February 13, 2006

Sprint Nextel and Communications Workers of America Reach Agreement on Labor Issues

Union withdraws from regulatory review of new local service company

Media Contacts:
Candice Johnson, CWA Communications
202-434-1168 and cjohnson@cwa-union.org
Charles Fleckenstein, Sprint Nextel
913-794-2943 and charles.m.fleckenstein@sprint.com

Overland Park, Kan. — 02/13/2006

Sprint Nextel Corp. (NYSE: S) and the Communications Workers of America (CWA) today announced an agreement covering labor relations issues for employees of Sprint Nextel's local communications company. The separation of the local communications company, which will be known as Embarq Corporation, from Sprint Nextel is expected to occur in the second quarter of this year.

CWA Telecommunications Vice President Jimmy Gurganus said in recent talks with Sprint Nextel that, "We received assurances over questions we had regarding the financial characteristics of the new company and the transfer of pension assets." As a result, he said, CWA has withdrawn its interventions in state regulatory proceedings.

"We wanted to make sure that the new company would have the resources to invest in the future, have the ability to compete successfully and provide quality service and secure jobs," Gurganus said. "As a result of our talks, we are now satisfied on that score."

"We are pleased that we were able to address the CWA's questions regarding the structure of the separation from Sprint Nextel," said Mike Fuller, Chief Operating Officer designee of Embarq. "We look forward to continuing to partner with the CWA to offer our customers the great products and services they have come to expect," he said.

CWA represents approximately 3,800 workers in the local telecommunications operations at Sprint Nextel in 12 states.

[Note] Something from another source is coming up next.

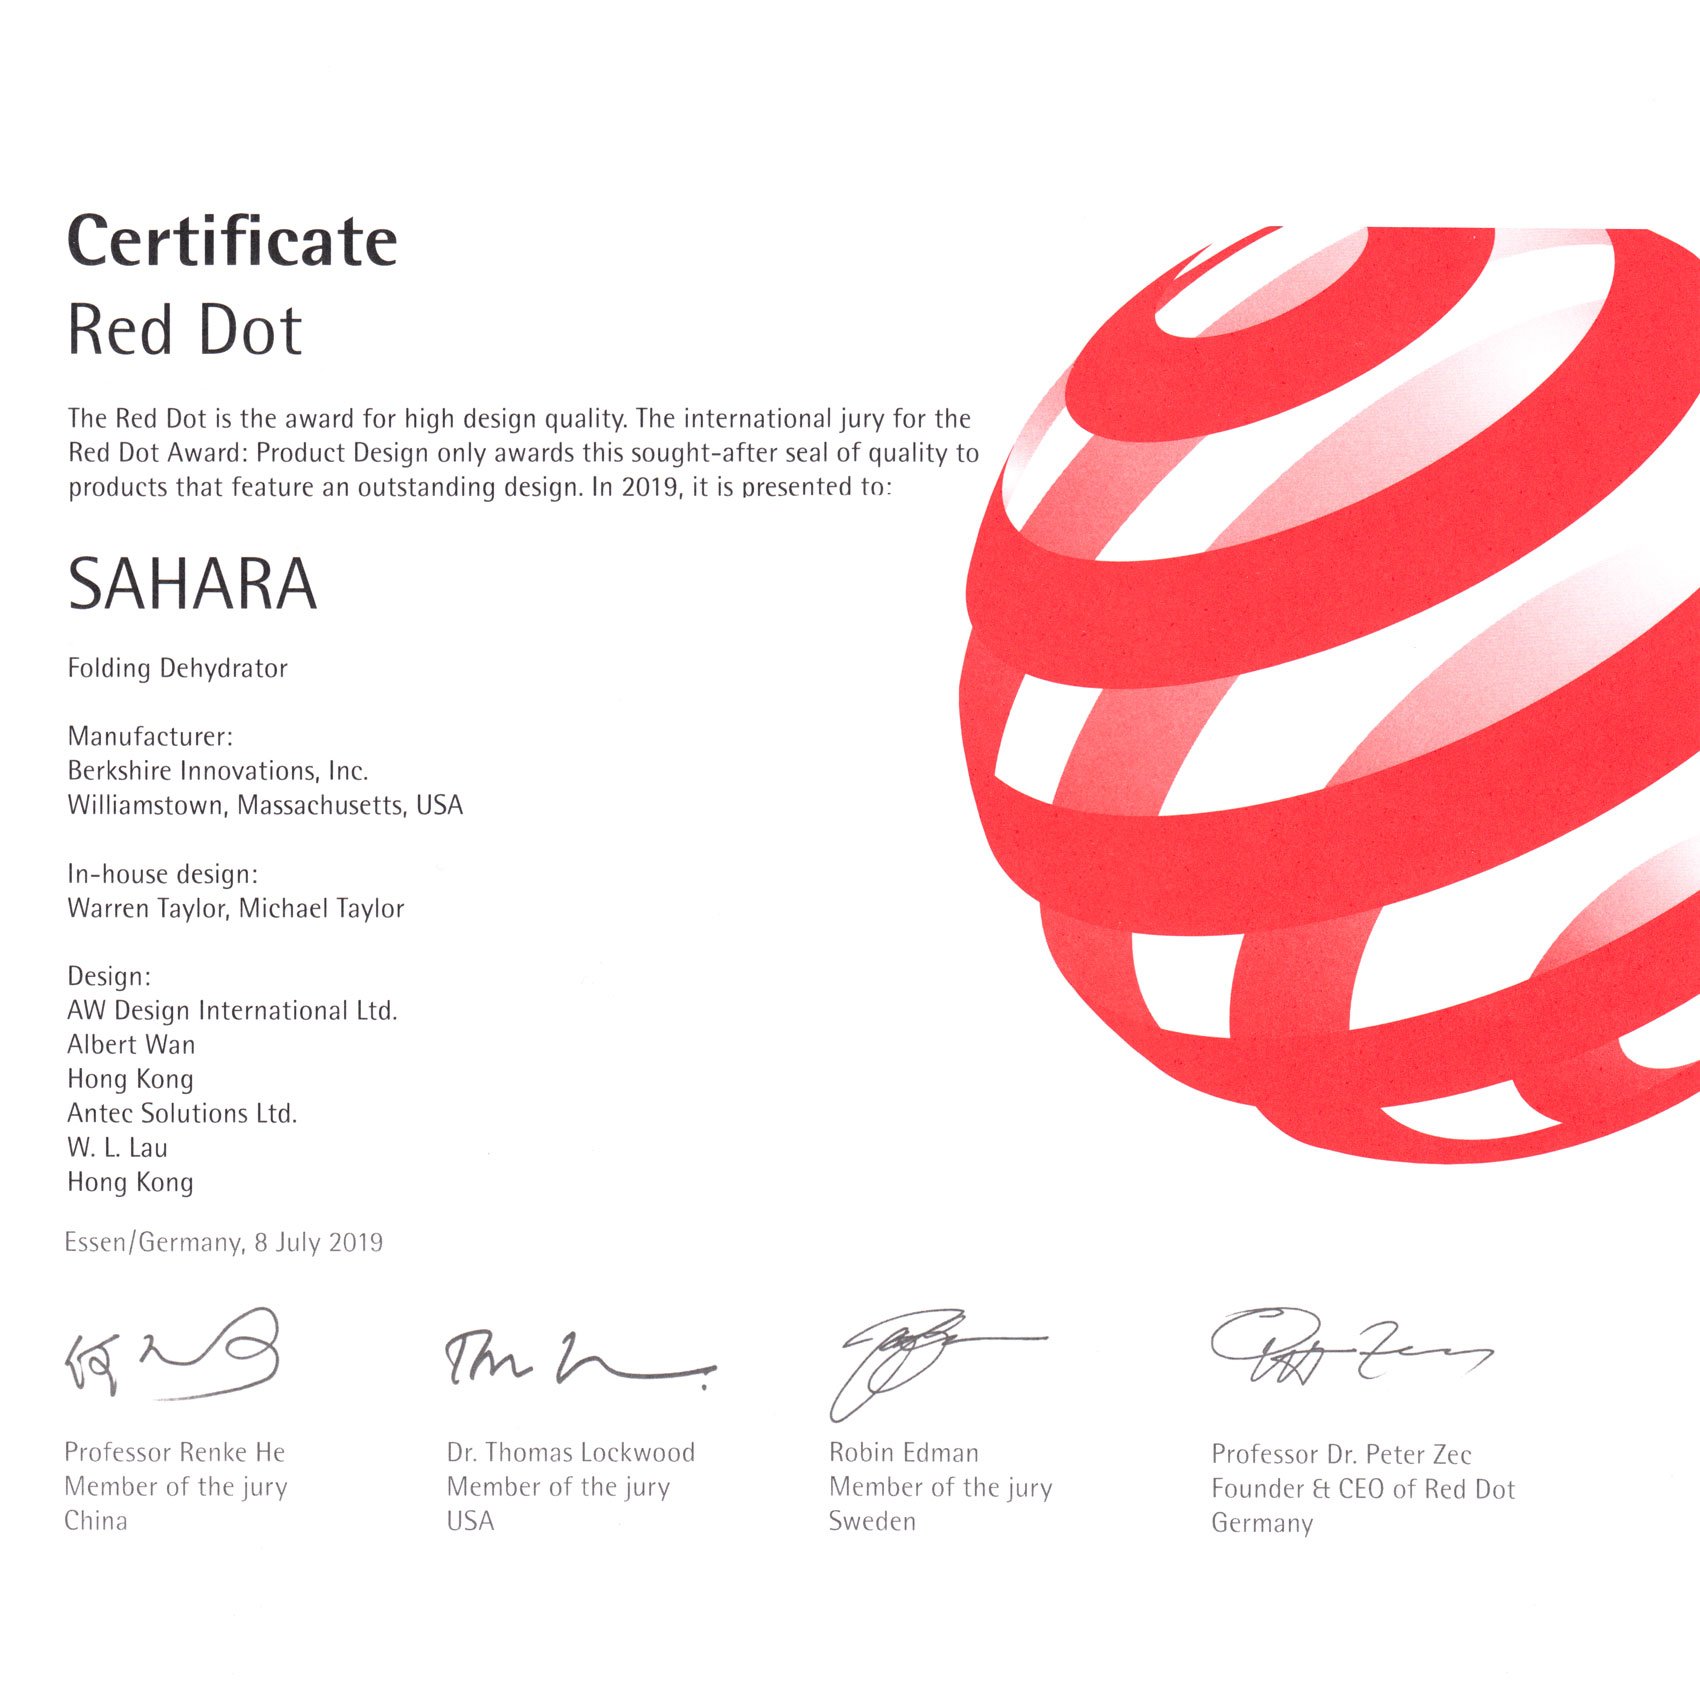 Knogle Tom Audreath Forfærde Brød & Taylor on Twitter: "Our Red Dot Design Award Certificate Red Dot is  an international product design and communication design prize awarded by  the Design Zentrum Nordrhein Westfalen in Essen, Germany. #

Among the terms of the agreement:

  • Joint strategic committees will be set up at both national and regional levels to share information, address mutual concerns and problems, and foster a better working relationship.
  • The new company and union agreed to renew efforts to arrive at a national understanding on health care plan design.
  • Before dividing and allocating pension assets to the new company, Sprint Nextel will share its actuary's report with CWA and give the union an opportunity to comment.
  • CWA employees now will participate in the company's Short Term Incentive program, which provides bonuses based on meeting specific business goals.
  • The company agreed that it will seek cost-effective ways to increase rather than decrease the ratio of employees to contractors and to provide employees continued access to training opportunities.

About the Local Communications Company
Upon the separation from Sprint Nextel, the local telecommunications company, which will be known as Embarq Corporation, is expected to be a NYSE-listed company with approximately $6 billion in annual revenues, rank among the Fortune 500 and serve as the fifth largest local communications company in the United States based on the company's 7.4 million access lines as of Sept. 30, 2005. The company will provide a suite of communications services, consisting of local and long distance voice and data services, including high-speed Internet access. The company expects to have approximately 20,000 employees at the time of the separation from Sprint Nextel.

About Sprint Nextel
Sprint Nextel offers a comprehensive range of wireless and wireline communications services to consumer, business and government customers. Sprint Nextel is widely recognized for developing, engineering and deploying innovative technologies, including two robust wireless networks offering industry leading mobile data services; instant national and international walkie-talkie capabilities; and an award-winning and global Tier 1 Internet backbone. For more information, visit www.sprint.com/mr.

"Safe Harbor" Statement under the Private Securities Litigation Reform Act of 1995
The matters discussed in this press release that are not historical or current facts deal with potential future circumstances and developments, in particular relating to completion of the separation. This discussion is qualified by the inherent risks and uncertainties surrounding future events generally and also may differ materially from actual future experience involving any one or more of such matters. Such risks and uncertainties include: the result of the review of the proposed separation by various regulatory agencies and any conditions imposed on Embarq Corporation or Sprint Nextel in connection with consummation of the separation, the approval of the separation by the Sprint Nextel board of directors, the receipt of satisfactory tax opinions and the risks that are described in the sections entitled "Risk Factors" and "Cautionary Statement Regarding Forward-Looking Statements" contained in the Form 10 Registration Statement of Embarq Corporation, as filed with the Securities and Exchange Commission on January 23, 2006 under the name LTD Holding Company and in Sprint Nextel's filings with the Securities and Exchange Commission including its Form 10-K for the year ended December 31, 2004, as amended, and its quarterly reports on Form 10-Q filed in 2005. In addition to the factors mentioned above and within the Form 10 Registration Statement and in Sprint Nextel's filings with the Securities and Exchange Commission, economic, governmental, technological, capital market and other factors could affect the forward-looking statements in this press release. Forward-looking statements speak only as of the date they were made, and neither Sprint Nextel nor Embarq Corporation undertakes an obligation to update or revise any forward-looking statements in light of new information or future events.